- Problem to work on -
Lines with the word "dress" are the ones wanted. Copy each of them from the entries below.

- Extracted entries -
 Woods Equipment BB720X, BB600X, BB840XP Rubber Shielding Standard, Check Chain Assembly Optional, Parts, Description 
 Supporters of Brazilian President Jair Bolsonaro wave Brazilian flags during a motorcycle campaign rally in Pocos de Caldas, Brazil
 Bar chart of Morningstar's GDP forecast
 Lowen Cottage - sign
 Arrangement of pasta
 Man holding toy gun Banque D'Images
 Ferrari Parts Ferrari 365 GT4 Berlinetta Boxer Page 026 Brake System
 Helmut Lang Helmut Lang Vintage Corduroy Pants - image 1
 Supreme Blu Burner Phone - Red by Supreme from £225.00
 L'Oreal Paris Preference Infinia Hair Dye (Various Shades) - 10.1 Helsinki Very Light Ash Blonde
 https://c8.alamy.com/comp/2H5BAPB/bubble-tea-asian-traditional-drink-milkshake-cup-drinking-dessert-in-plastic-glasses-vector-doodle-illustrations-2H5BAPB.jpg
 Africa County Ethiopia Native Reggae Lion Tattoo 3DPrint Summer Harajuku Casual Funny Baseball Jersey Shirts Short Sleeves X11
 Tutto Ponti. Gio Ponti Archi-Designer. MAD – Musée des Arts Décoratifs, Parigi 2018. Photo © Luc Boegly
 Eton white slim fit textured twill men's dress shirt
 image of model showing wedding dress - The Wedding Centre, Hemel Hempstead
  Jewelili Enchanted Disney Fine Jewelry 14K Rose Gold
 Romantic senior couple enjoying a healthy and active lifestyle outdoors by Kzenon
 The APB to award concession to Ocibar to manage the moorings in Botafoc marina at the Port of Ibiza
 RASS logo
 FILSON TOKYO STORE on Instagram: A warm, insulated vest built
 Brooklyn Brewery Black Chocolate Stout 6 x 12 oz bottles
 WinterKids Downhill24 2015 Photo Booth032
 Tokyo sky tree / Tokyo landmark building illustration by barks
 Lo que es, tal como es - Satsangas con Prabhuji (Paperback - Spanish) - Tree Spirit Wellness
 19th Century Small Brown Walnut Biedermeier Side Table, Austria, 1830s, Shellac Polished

- Output of the task -
 Eton white slim fit textured twill men's dress shirt
 image of model showing wedding dress - The Wedding Centre, Hemel Hempstead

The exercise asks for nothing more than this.